II. Picking A Better Team of Horses: Assessing Specific R&D Programs

Let us now turn to the management of the federal R&D budget. A first point is that federal research should be used to inform science policy, not defend it. Unfortunately, that is not the current practice. Consider, for example, climate change research. This portion of the federal R&D budget is projected to grow rapidly. The goal should be to seek a better understanding of the complex links between man’s activities and potential climate change effects. Our knowledge remains very imprecise, as illustrated by the unexplained differences between the results predicted by current models and the empirical data recorded from satellites. For example, why does satellite data show almost no warming even though the amount of CO2 in the atmosphere has increased by almost 50 percent over the last decades?

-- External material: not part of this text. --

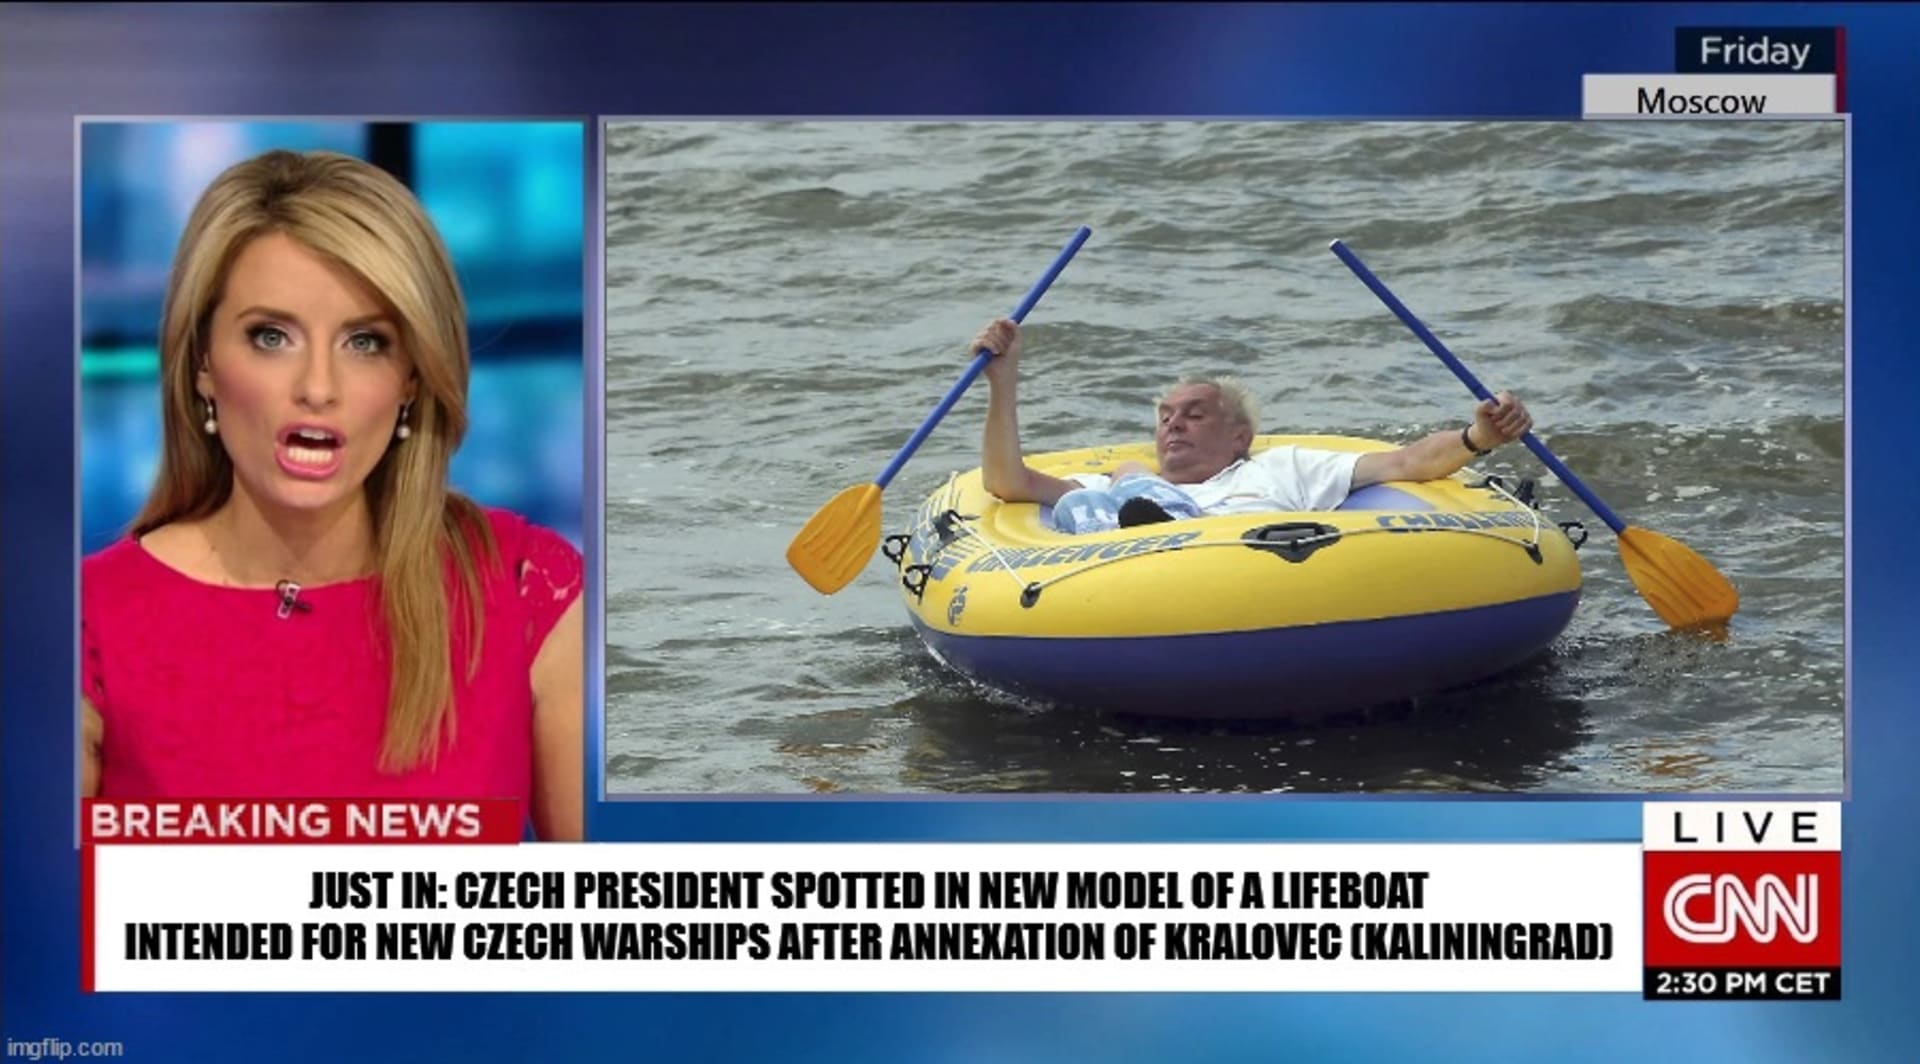 Mezi vtipnými kolážemi nemůže chybět ani prezident Miloš Zeman. Česká hlava státu má v oblibě každý rok vyrazit na jezero v dnes už ikonickém žlutém člunu Challenger. Že by šlo o nový model záchranných člunů pro českou flotilu kotvící v Královci?
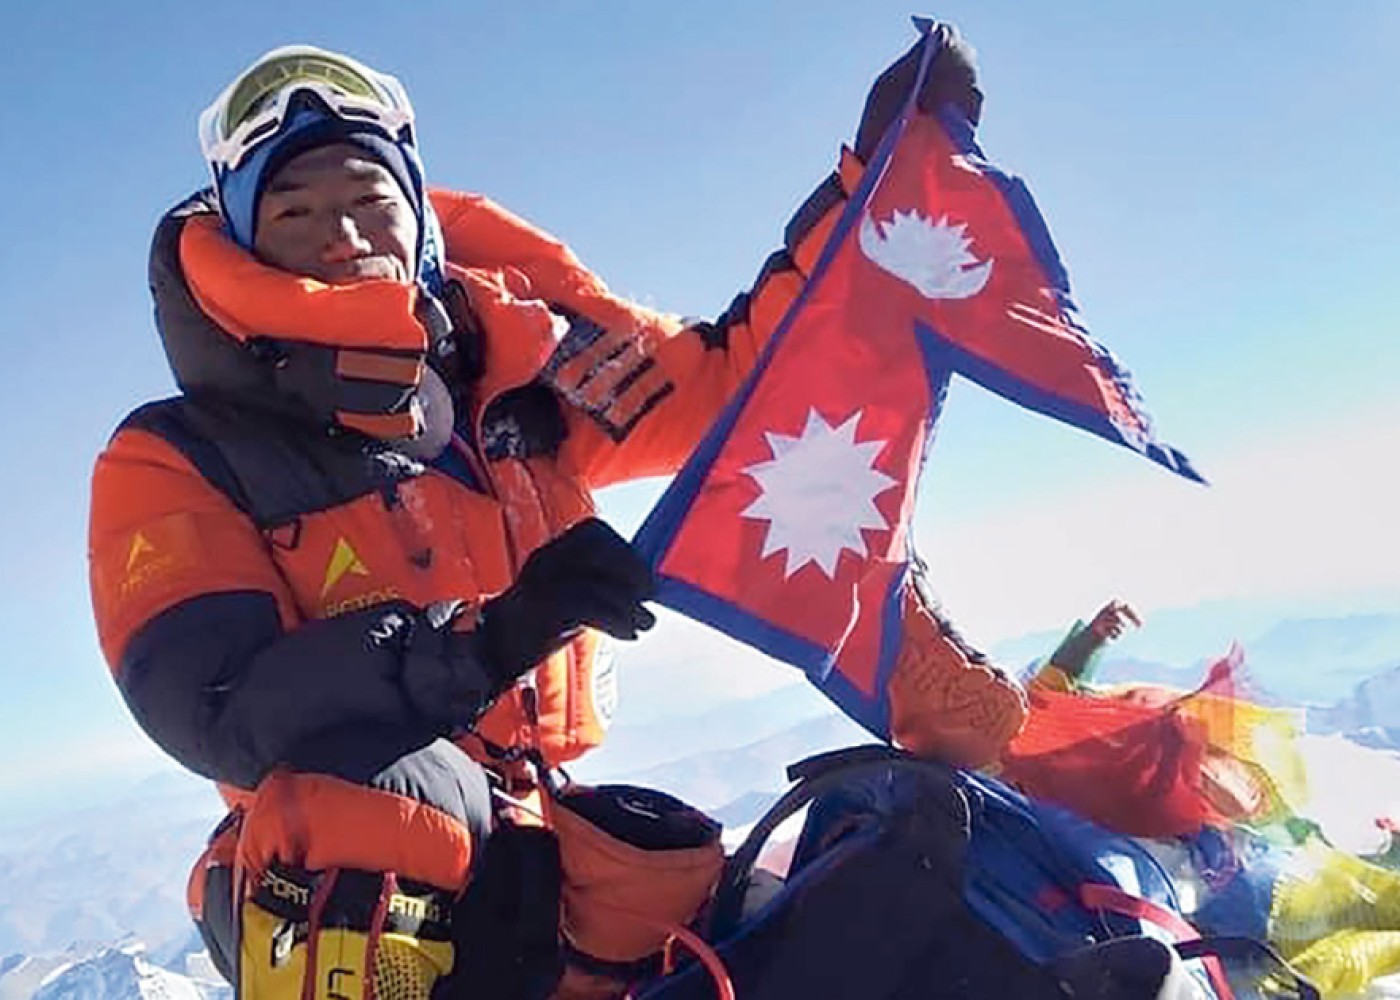 Nepallı alpinist Everesti 29-cu dəfə fəth edərək öz rekordunu YENİLƏDİ - FOTO

Unfortunately, but understandably, EPA is increasingly focusing efforts away from such knowledge creating work, focusing instead on the more politically relevant work of creating realistic scare scenarios of the downside impacts that might occur were climatic change to be a reality. This is not surprising; President Clinton and others in the Administration suggest that the time for scientific debate is now over; it is time to act. Research that might undermine current anti-energy use policies is therefore discouraged; data collection that suggests problems with current climate change models is assigned lower priority. Instead, the Administration has focused on Impact Analysis, a type of scenario analysis that asks what horrible results might occur in various fields (public health, flood control, agricultural output) if the worst fears of the catastrophists become reality. There is an element of intellectual creativity in all this, of course, but authors like Stephen King are more appropriate than are scientists for this type work.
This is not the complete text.